When I was creating my presentation for dconf online 2022, I was looking at alternatives to building constraints. If you watched my talk, you can see the fruit of that experiment in my strawman library (which is very much a proof-of-concept, and not ready for real use).

But it got me thinking — how much more expensive are these strawman constraints than the current Phobos range constraints? But even before I went that far, I started looking at some of the phobos constraints, and realized even there, we can achieve some savings.

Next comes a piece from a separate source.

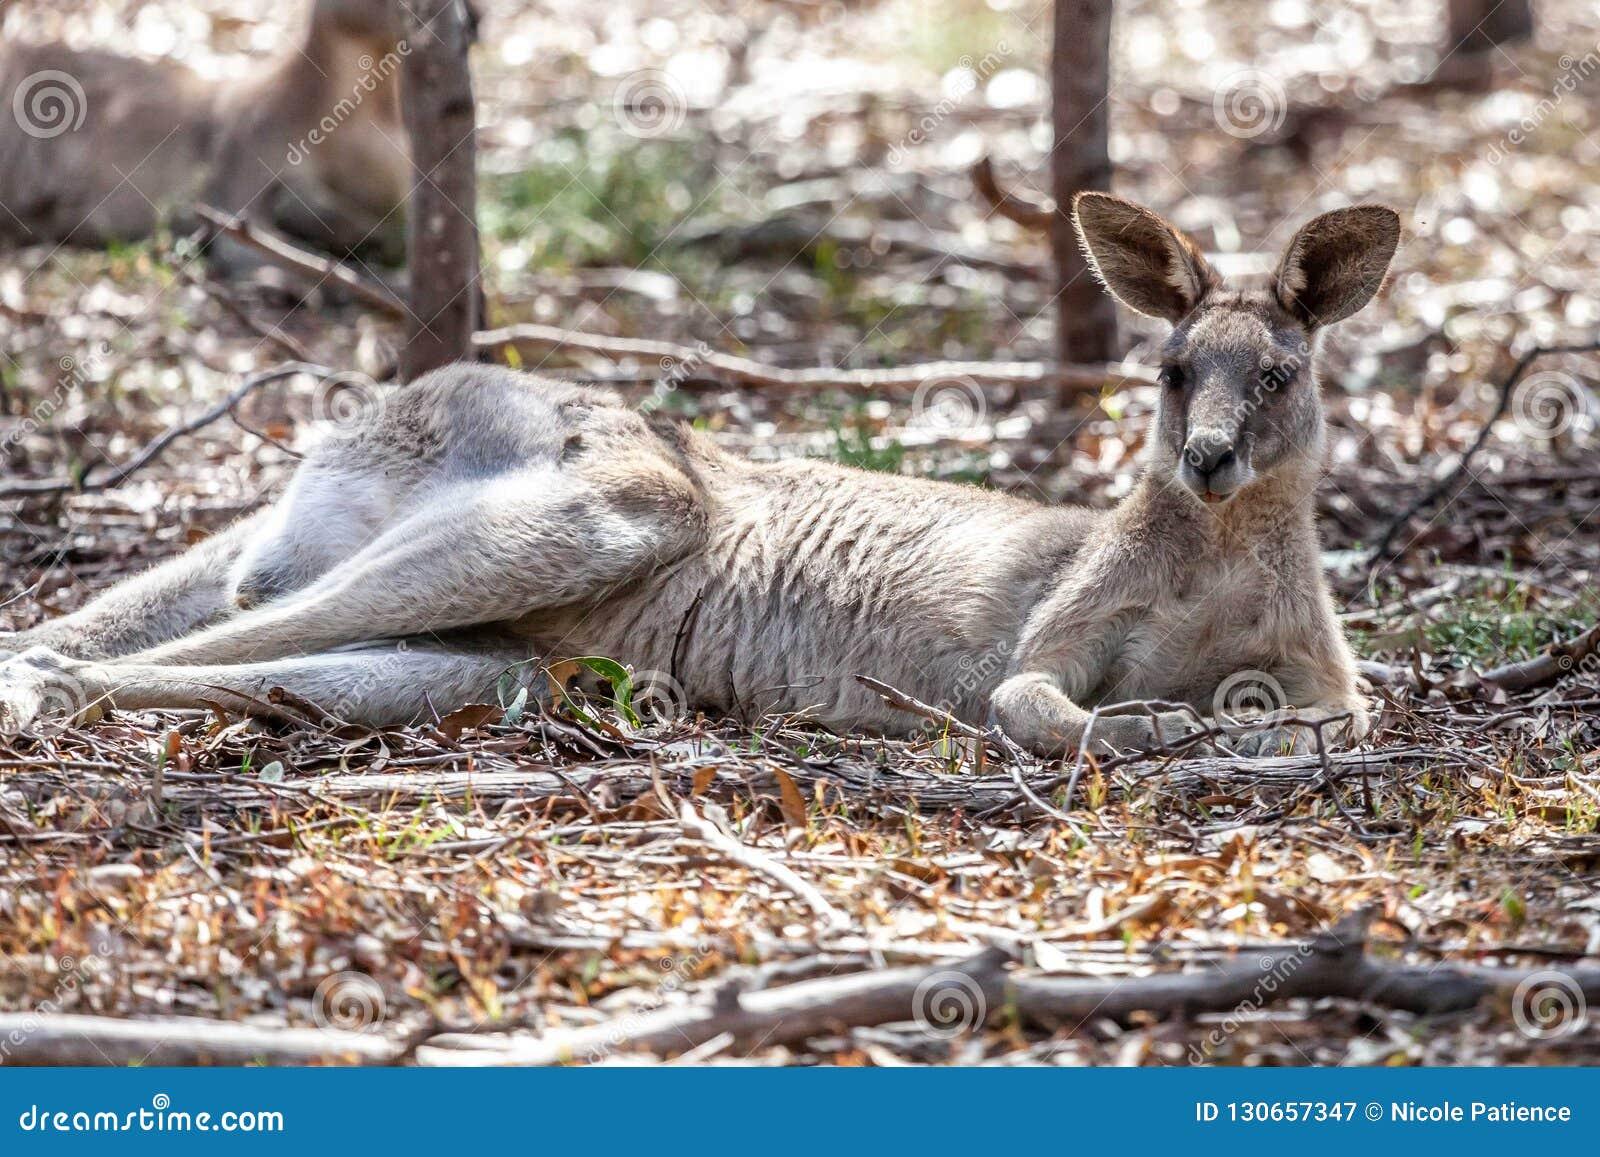 Australien Im November

Consider the constraint for isInputRange:

enum bool isInputRange(R) =
    is(typeof(R.init) == R)
    && is(ReturnType!((R r) => r.empty) == bool)
    && (is(typeof((return ref R r) => r.front)) ||
        is(typeof(ref (return ref R r) => r.front)))
    && !is(ReturnType!((R r) => r.front) == void)
    && is(typeof((R r) => r.popFront));

Let’s focus on one aspect of this, the use of the ReturnType template. What does that do? Essentially, it takes the parameter (in this case a lambda function) and evaluates to the return type of the callable.

But…. we have that as part of the language, don’t we? Yeah, it’s called typeof. typeof gives you the “type of” an expression. And it’s a direct link into the compiler’s semantic analysis — no additional semantic computation is needed.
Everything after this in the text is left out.